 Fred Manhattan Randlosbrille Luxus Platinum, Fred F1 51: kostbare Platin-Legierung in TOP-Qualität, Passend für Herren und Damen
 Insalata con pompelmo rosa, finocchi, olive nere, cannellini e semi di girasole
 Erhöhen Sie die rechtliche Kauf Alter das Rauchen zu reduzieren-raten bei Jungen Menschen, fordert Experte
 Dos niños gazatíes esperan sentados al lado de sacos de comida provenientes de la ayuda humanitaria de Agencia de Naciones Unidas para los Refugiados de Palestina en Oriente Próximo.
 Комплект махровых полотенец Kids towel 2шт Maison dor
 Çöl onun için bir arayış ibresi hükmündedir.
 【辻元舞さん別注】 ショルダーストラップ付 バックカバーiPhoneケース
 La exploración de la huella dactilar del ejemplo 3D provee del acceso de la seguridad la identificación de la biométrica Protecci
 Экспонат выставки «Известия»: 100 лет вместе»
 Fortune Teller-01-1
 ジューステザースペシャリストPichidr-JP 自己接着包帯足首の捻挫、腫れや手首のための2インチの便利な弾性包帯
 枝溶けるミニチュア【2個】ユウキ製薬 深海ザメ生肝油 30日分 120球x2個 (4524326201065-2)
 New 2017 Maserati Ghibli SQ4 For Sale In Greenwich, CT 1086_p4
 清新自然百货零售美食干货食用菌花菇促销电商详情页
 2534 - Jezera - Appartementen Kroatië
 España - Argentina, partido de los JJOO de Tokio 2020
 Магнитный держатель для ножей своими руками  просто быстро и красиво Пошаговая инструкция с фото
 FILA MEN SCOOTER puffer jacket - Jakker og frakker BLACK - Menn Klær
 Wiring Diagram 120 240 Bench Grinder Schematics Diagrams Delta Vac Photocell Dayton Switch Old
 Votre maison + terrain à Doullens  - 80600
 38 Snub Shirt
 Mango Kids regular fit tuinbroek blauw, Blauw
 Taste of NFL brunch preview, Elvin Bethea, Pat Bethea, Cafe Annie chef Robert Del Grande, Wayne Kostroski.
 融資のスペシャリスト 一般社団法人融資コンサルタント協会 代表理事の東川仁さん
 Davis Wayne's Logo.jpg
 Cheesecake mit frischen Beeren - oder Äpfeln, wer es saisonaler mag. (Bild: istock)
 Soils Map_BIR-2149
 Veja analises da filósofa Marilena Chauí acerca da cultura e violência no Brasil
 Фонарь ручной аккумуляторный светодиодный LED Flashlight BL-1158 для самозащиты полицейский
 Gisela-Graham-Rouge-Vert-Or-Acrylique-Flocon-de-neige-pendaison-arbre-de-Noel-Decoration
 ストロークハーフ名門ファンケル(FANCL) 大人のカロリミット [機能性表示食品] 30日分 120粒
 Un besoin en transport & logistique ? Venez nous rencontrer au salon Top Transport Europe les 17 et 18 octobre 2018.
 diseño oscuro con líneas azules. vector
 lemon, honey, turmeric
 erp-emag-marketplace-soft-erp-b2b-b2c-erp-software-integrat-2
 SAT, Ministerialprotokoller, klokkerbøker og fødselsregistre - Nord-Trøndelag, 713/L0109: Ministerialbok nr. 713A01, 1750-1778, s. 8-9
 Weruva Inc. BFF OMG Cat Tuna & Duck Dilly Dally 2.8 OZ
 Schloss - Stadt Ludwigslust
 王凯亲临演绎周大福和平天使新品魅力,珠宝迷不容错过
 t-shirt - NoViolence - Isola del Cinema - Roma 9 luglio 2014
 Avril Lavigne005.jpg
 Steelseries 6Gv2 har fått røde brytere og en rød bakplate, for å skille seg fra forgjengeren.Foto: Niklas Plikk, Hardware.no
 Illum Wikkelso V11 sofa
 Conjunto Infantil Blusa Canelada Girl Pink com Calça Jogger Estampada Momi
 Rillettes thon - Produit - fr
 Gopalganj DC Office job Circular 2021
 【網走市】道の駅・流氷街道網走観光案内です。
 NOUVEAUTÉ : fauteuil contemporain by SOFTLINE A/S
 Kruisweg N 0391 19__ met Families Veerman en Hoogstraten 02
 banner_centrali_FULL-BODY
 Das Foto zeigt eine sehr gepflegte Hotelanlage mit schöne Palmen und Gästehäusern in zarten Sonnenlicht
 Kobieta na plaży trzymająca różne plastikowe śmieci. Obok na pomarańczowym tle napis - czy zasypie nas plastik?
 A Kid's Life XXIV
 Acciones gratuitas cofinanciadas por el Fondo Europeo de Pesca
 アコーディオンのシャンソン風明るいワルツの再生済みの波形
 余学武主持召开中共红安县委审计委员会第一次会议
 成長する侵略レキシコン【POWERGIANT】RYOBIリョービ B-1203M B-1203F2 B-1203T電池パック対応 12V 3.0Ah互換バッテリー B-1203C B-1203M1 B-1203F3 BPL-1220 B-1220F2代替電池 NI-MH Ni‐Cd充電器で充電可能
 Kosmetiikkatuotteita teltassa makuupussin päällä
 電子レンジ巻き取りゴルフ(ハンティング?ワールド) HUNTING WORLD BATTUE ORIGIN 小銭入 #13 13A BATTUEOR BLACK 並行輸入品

----------

Assignment » Take each line of the material above that holds the string "Kids" and copy it.

Answer to this task »
 Комплект махровых полотенец Kids towel 2шт Maison dor
 Mango Kids regular fit tuinbroek blauw, Blauw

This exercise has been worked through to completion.